Where will the cyclists shop when the stores are empty? – Kevin Buckle
Why do supporters of active travel still insist that road closures like Summertime Streets and Open Streets help high street businesses, asks Kevin Buckle.
After last week’s column about city centre Councillor Jo Mowat’s failed attempt to have a review which would, among other things, have included consulting with residents and traders affected by Summertime Streets I actually got to watch the meeting involved.
Councillor Mowat spoke well about why a review was needed andn having met with businesses, had some scary figures about the drops in takings they had suffered averaging at 30 per cent.

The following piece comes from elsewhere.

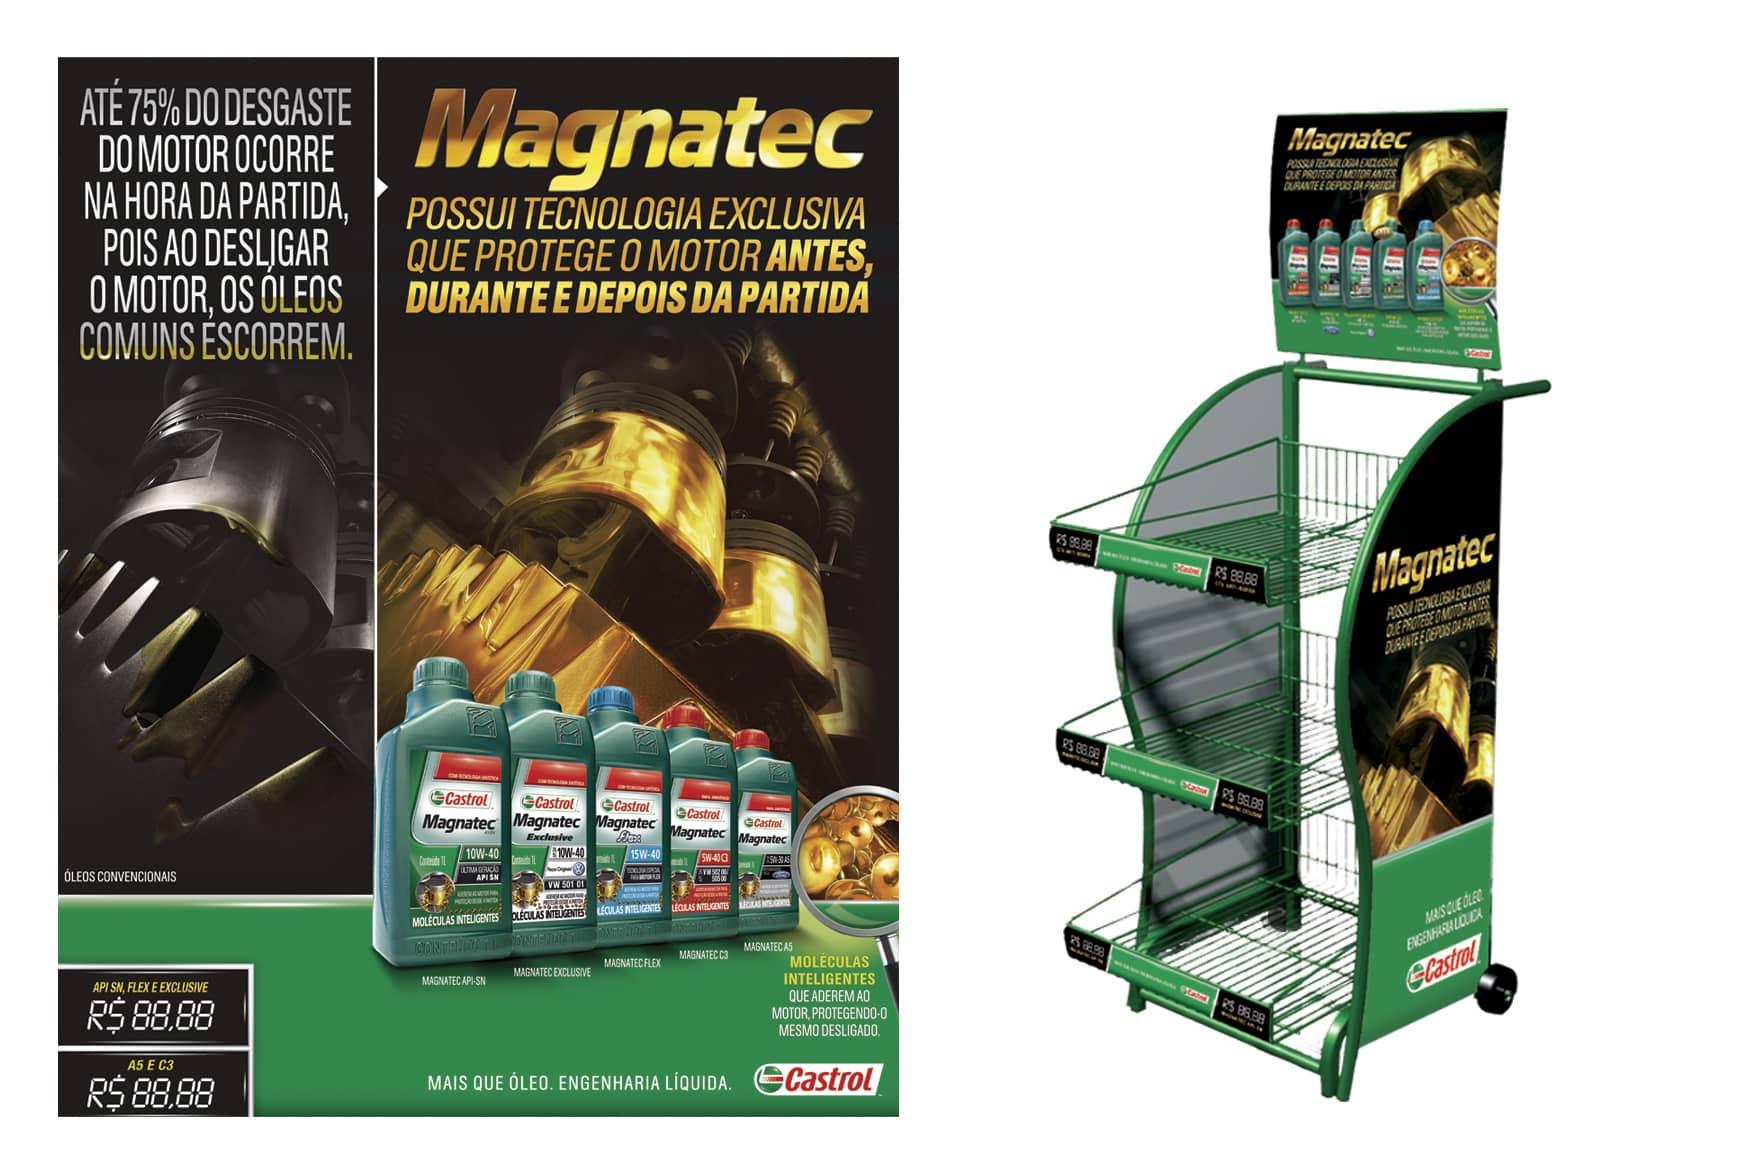 CASTROL_MAGNATEC_RGB_04

The council seem to think there is no need to speak to folk and instead information from camera monitoring will be enough. City centre Cllr Claire Miller of the Greens, who talks a lot of sense on other matters, seemed to have completely missed the point that talking to businesses was essential and indeed felt everybody had been “on the same page” and there was no real division.
Further offence was taken by Cllr Lesley Macinnes the transport and environment convener, when the barriers used were described by Cllr Nick Cook as looking like they were from a war zone.
Anybody who has seen the barriers would recognise Cllr Cook’s description and as with Open Streets the barriers look more like there has been an incident and the street closed than being there because of any event.
I did at least see some information on the barriers for Summertime Streets whereas the barrier at the bottom of Cockburn Street for Open Streets gave no indication at all why it was there. When I pointed this out I was told things needed to improve and then at every further occasion they didn’t.
Truth be told, the closing off of streets was not done well, little seemed to be have been learned from previous closures and bland promises to get better while not accepting things were that wrong seems to be the order of the day.
There is a further point here and that is while Cllr Mowat has on this occasion spoken out in support of businesses I know from my own time in the Grassmarket that whenever there was any clash of interests between residents and local businesses all the city centre councillors sided with the voters.
What would be interesting to know is how many councillors have any background in high street business and in particular retail. I’m guessing few and possibly none, which may explain that while councillors who support causes like active travel and Leith Theatre and the arts are well known and many in number it is hard to come up with any councillor who regularly supports and speaks up for high street retail, which I think most would agree is greatly needed.
While there is much talk about plans for George Street councillors yet again fail to have any focus on what businesses may, and indeed may not, be there should these plans come to fruition and with 30 to 50 shops predicted to become empty when Edinburgh St James opens I see little forward planning now beyond the mistaken idea that allowing changes of use will solve the problem.
As I have said before, if nothing is done Edinburgh city centre will just be cyclists passing by empty shops.